Wood's reduction in EV exposure aligns with a broader thesis: the market is finally recognizing that EV adoption, while real, is maturing. With global EV sales projected to grow at just 15% annually by 2030 (down from 50% in 2020), the sector's best days are behind it.
ARK's timing is strategic. The AI boom is accelerating semiconductor demand, with AI-specific chips now accounting for 30% of TSMC's revenue. Meanwhile, 5G infrastructure rollouts and edge computing are further fueling demand for advanced silicon.
AMD's data center revenue—now 40% of total sales—signals its shift from a PC-centric firm to a key AI supplier. TSMC's $65 billion U.S. investment and $100 billion global expansion plan lock in its foundry leadership, insulating it from geopolitical risks.
Investors should heed ARK's moves as a roadmap for 2025 and beyond:
1. Buy TSMC: Its valuation at 21x forward P/E is a steal compared to AMD (28x) and NVIDIA (32x). The stock's 11% upside to $219.43 offers asymmetric reward.
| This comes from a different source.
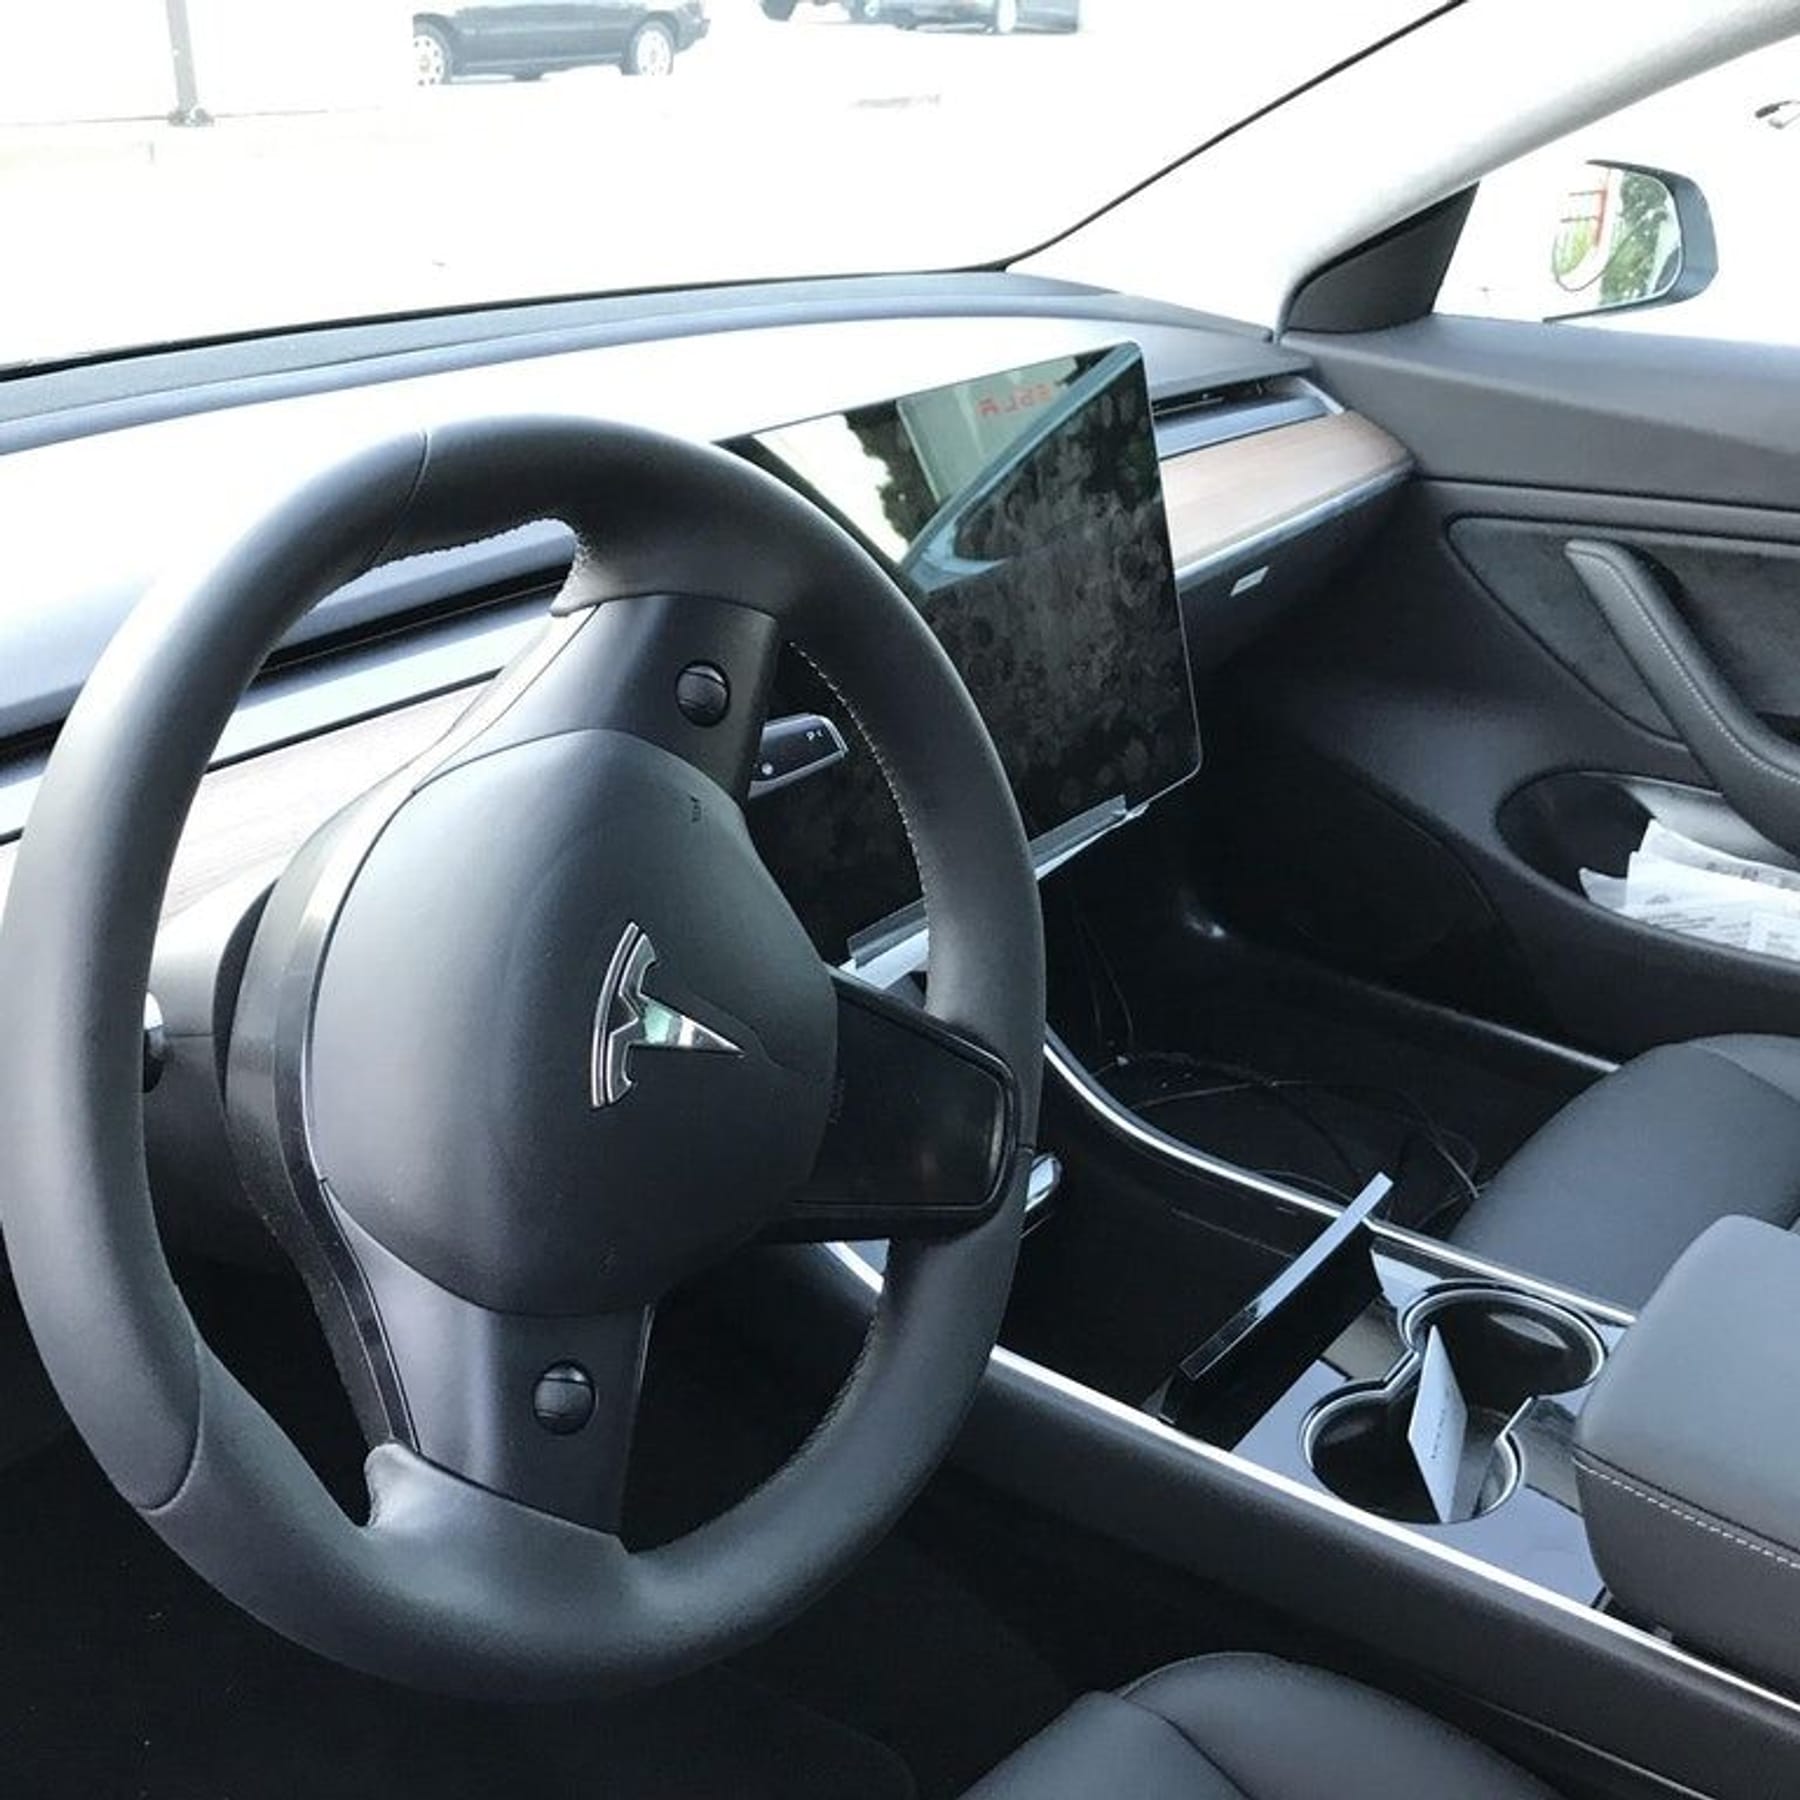 Geheime Fotos des kommenden Tesla Model 3 aufgetaucht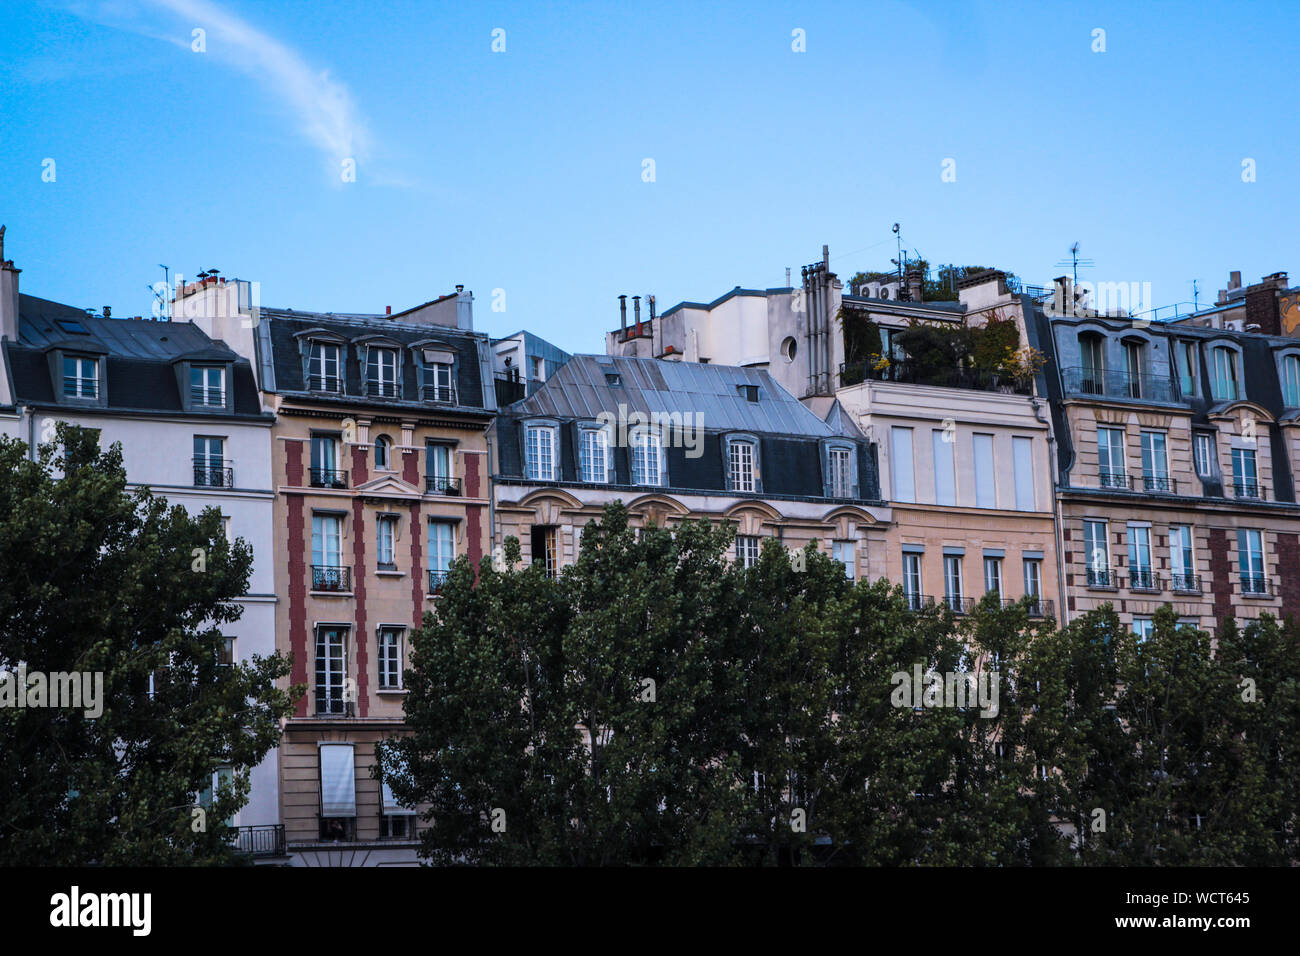 Ver Fornt de edificios históricos en la ciudad contra el cielo azul Foto de stock

2. Add AMD: Its AI chip partnerships and data center growth justify a $144–150 price target.
3. Avoid Overhyped EV Names: Tesla's valuation (50x forward P/E) and slowing margins make it a prime candidate for rotation into semiconductors.
ARK's pivot isn't just about stock picking—it's about recognizing that semiconductors are the backbone of the AI era. While EVs compete for market share in a saturated space, AMD and TSMC are solving foundational tech challenges. For investors, this is a chance to back the infrastructure of tomorrow at a discount. The contrarian play isn't about following trends—it's about betting on the companies that power them.
The market's next big move won't come from wheels on the road but from chips under the hood.